**WHAT IS BEING ASKED:**
Set down the whole listing below exactly. The pictures stay out.

══ RECORDED DATA

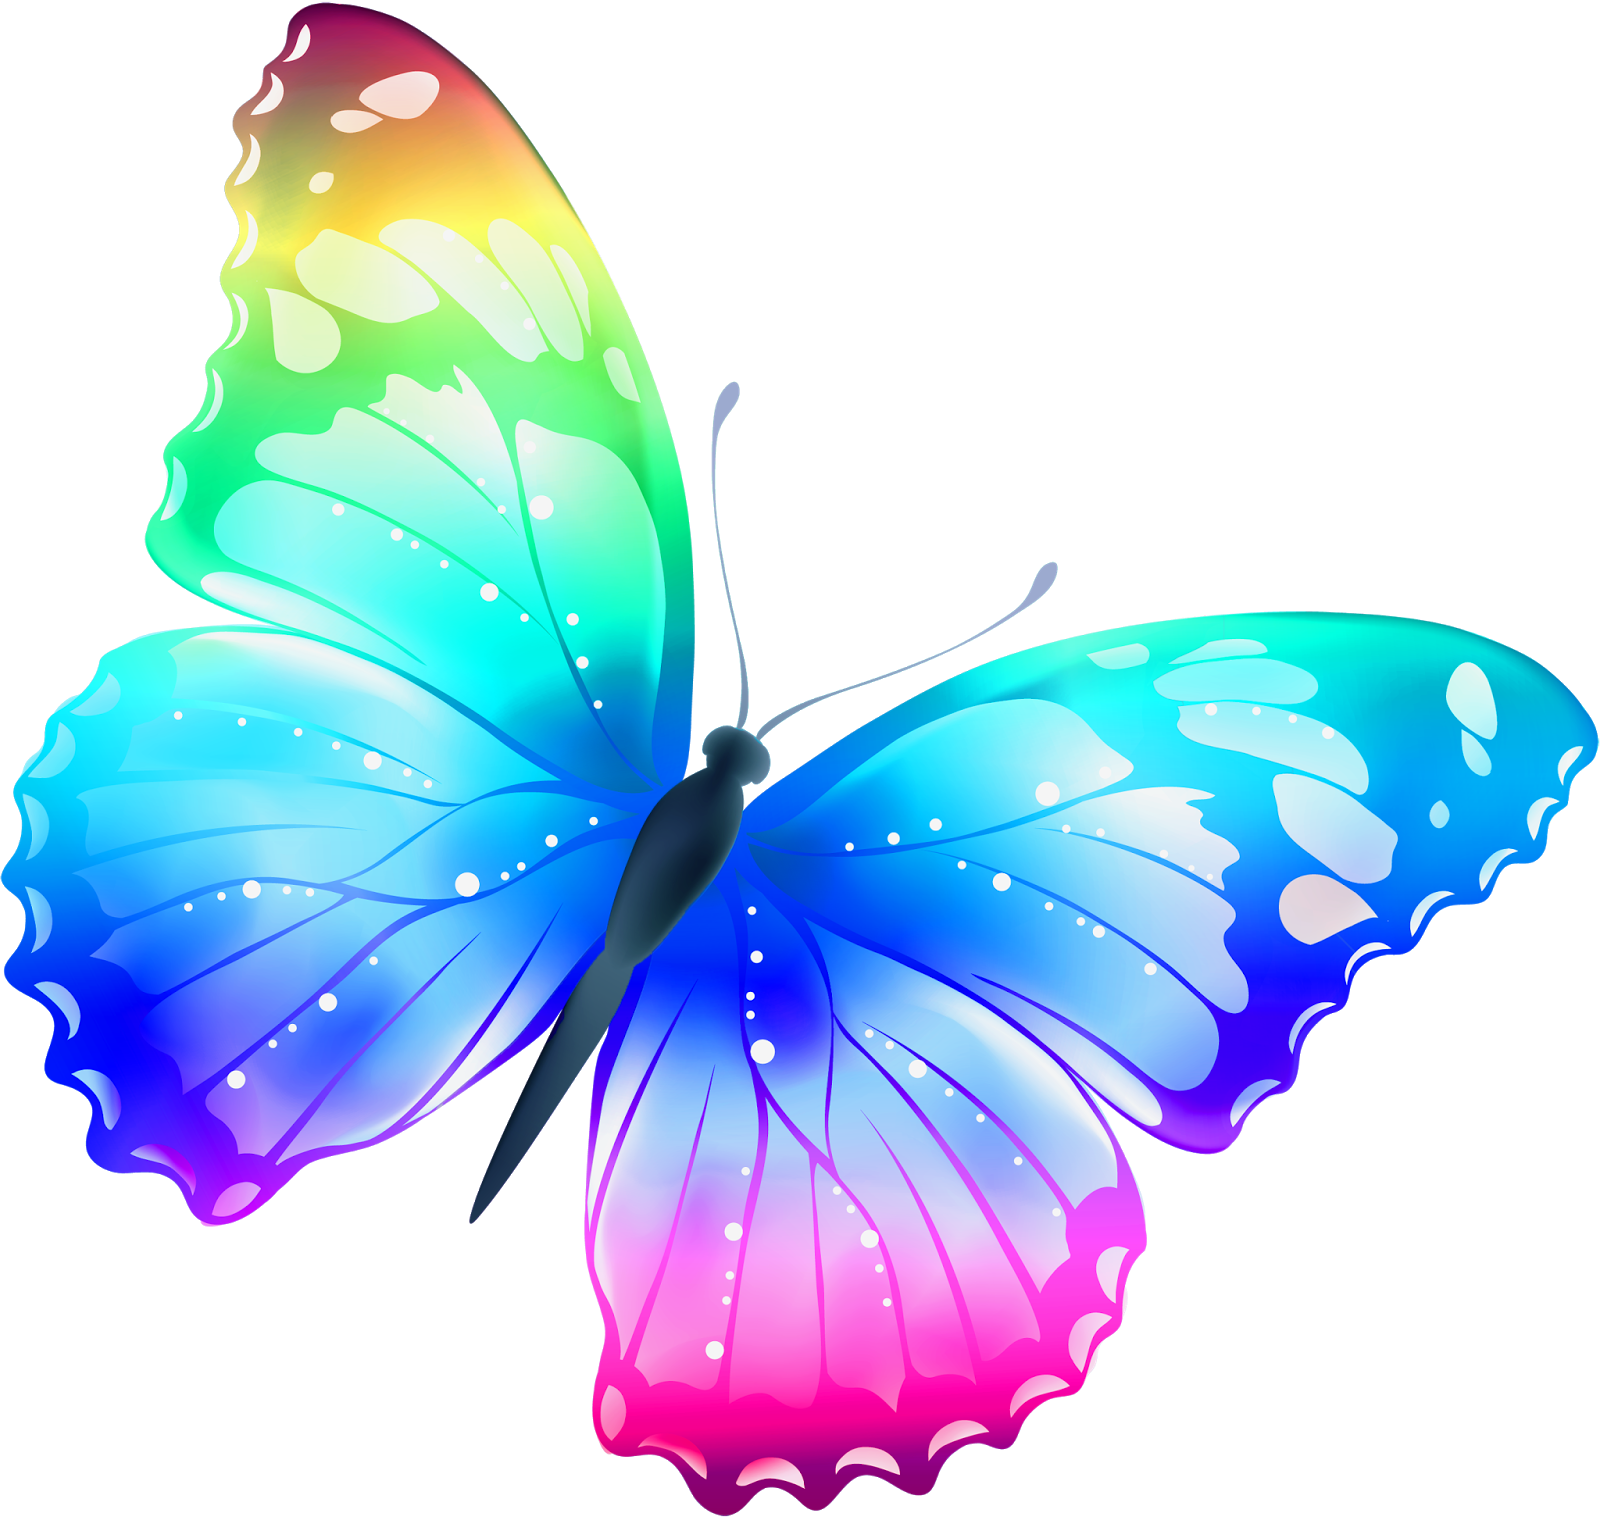 Imagenes Y Fotos Imagenes De Mariposas Parte 10 Dibujos Moldes
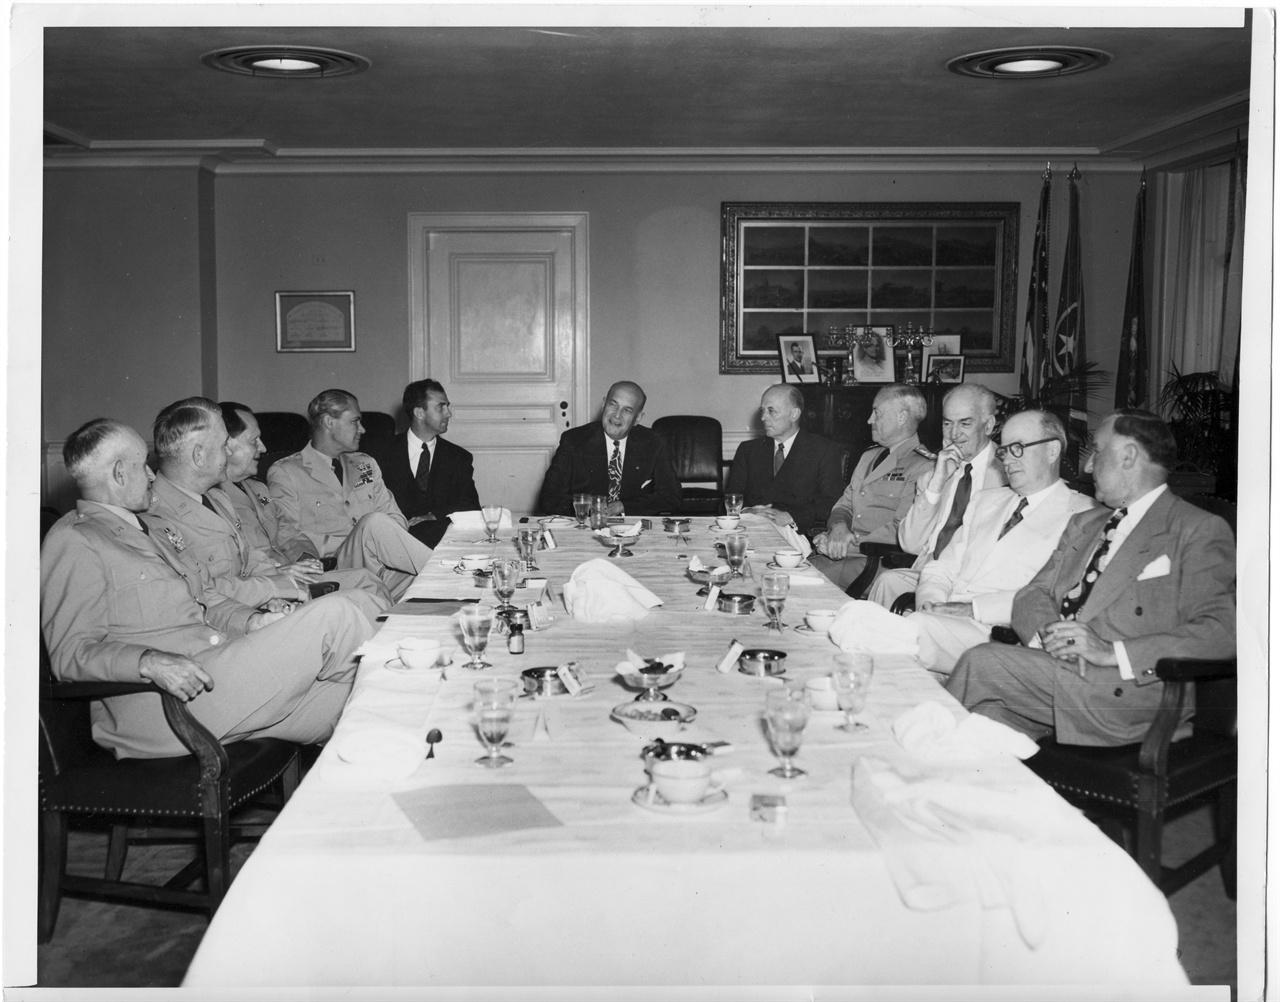 2. 루이스 존슨 미 국방장관이 군 수뇌들과 함께 한국전쟁 문제를 논의하고 있다(1950. 6. 26.).
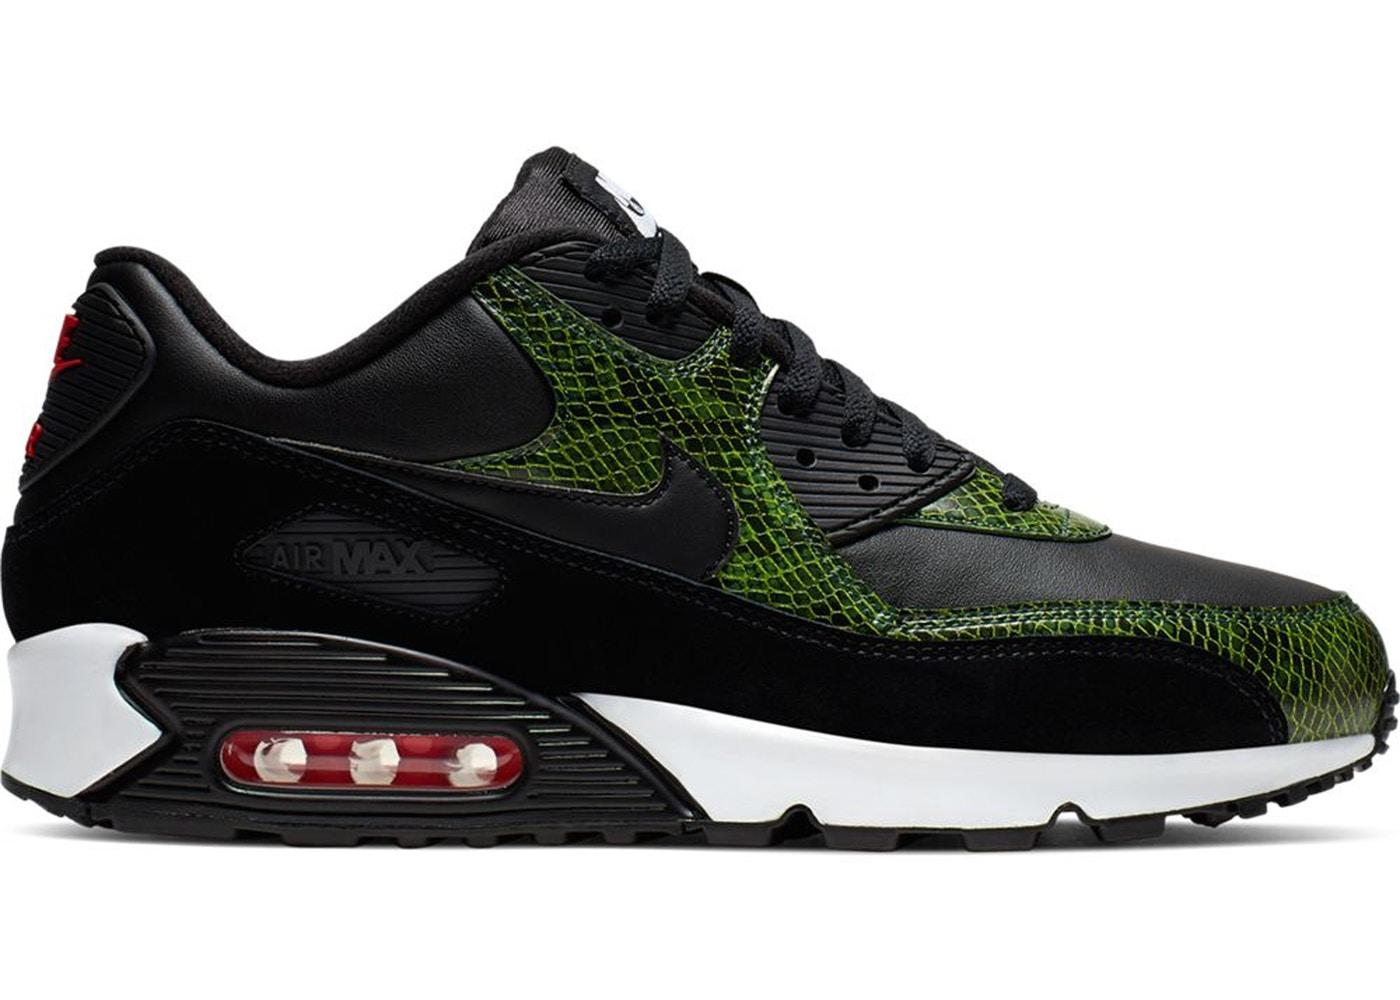 On Sale: Nike Air Max 90 QS

════

**SOLUTION:**
 Imagenes Y Fotos Imagenes De Mariposas Parte 10 Dibujos Moldes
 2. 루이스 존슨 미 국방장관이 군 수뇌들과 함께 한국전쟁 문제를 논의하고 있다(1950. 6. 26.).
 On Sale: Nike Air Max 90 QS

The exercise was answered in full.